The new projects, which are being implemented in the liberated territories of Azerbaijan, can give a strong impetus to the development of the local debt market, Deputy Head of the Market Analysis Department of the Russian Gazprombank, Gulnara Haydarshina, said, Report informs.
“These projects are funded by both the state budget and private investors. At the same time, taking into account large-scale financial needs and the exhaustion of credit limits in banks, companies plan to attract funds for financing projects in the capital markets. An additional argument in favor of bond issuance for the local market is the lack of collateral,” she noted.
Thus, according to her, potential issuers are trying to improve the quality of their financial statements: “The need for financing infrastructure projects in the liberated territories is estimated at 3-4 billion manats (over $ billion) per year, which, according to our calculations, is about 2.2-3 percent of the GDP. This also creates the potential for deployment of “green financing” instruments.”

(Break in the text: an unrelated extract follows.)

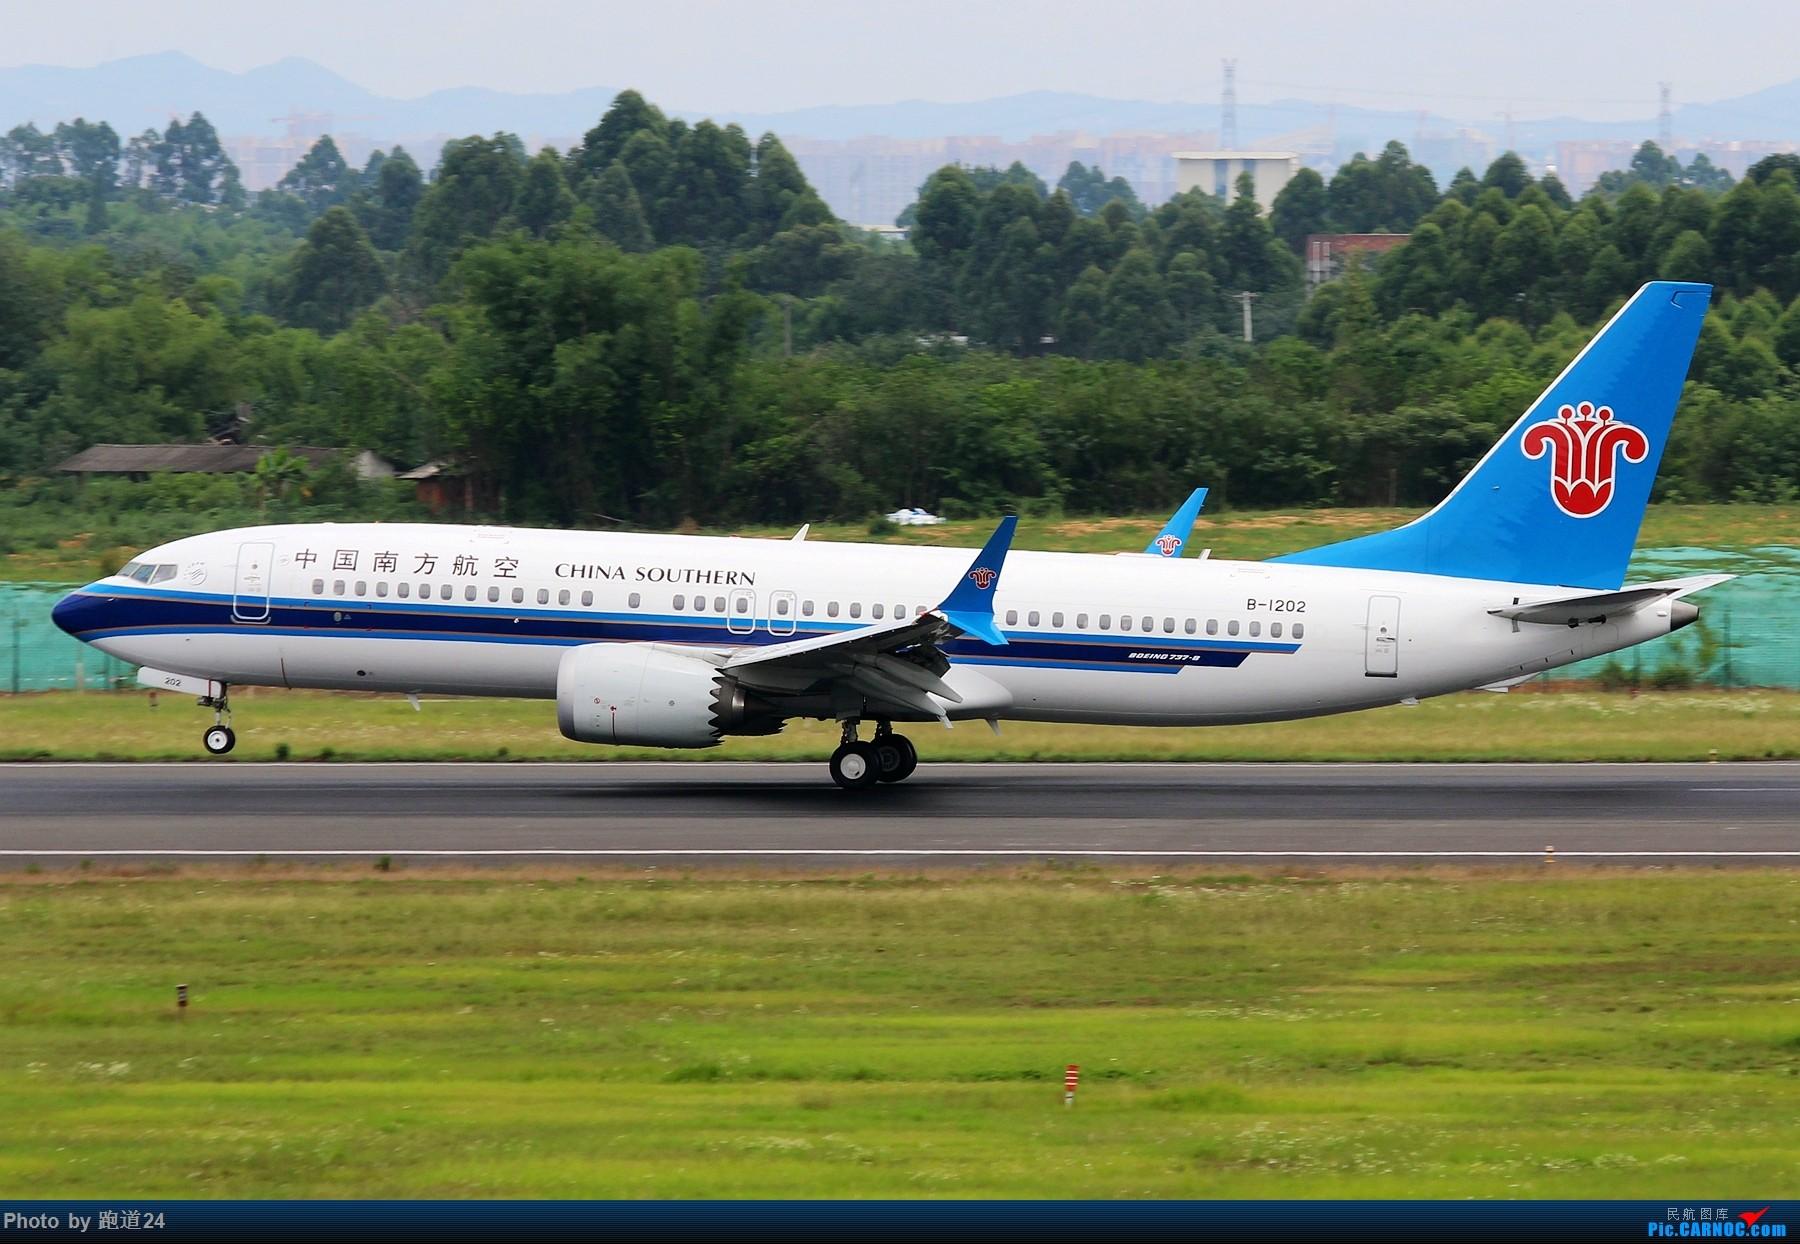 Re:[原创]【多图党】6月18日成都拍机【埃塞俄比亚航空B777-200LR】 BOEING 737MAX-8 B-1202 中国成都双流国际机场

She said that work is currently underway to prepare platforms for investors in the secondary market: “Foreign investors can also invest in the securities of the Ministry of Finance in both the primary and secondary markets through brokers. Cooperation with “Euroclear” and “Clearstream” continues to remain on the agenda, but requires a further increase in the volume of the local debt market. The Ministry of Finance and the World Bank are working on a public debt risk management program that will provide mechanisms for the development of the secondary market of government securities with the participation of the largest banks in Azerbaijan. We think that the introduction of such a mechanism will contribute to a significant increase in the volume of the local debt market.”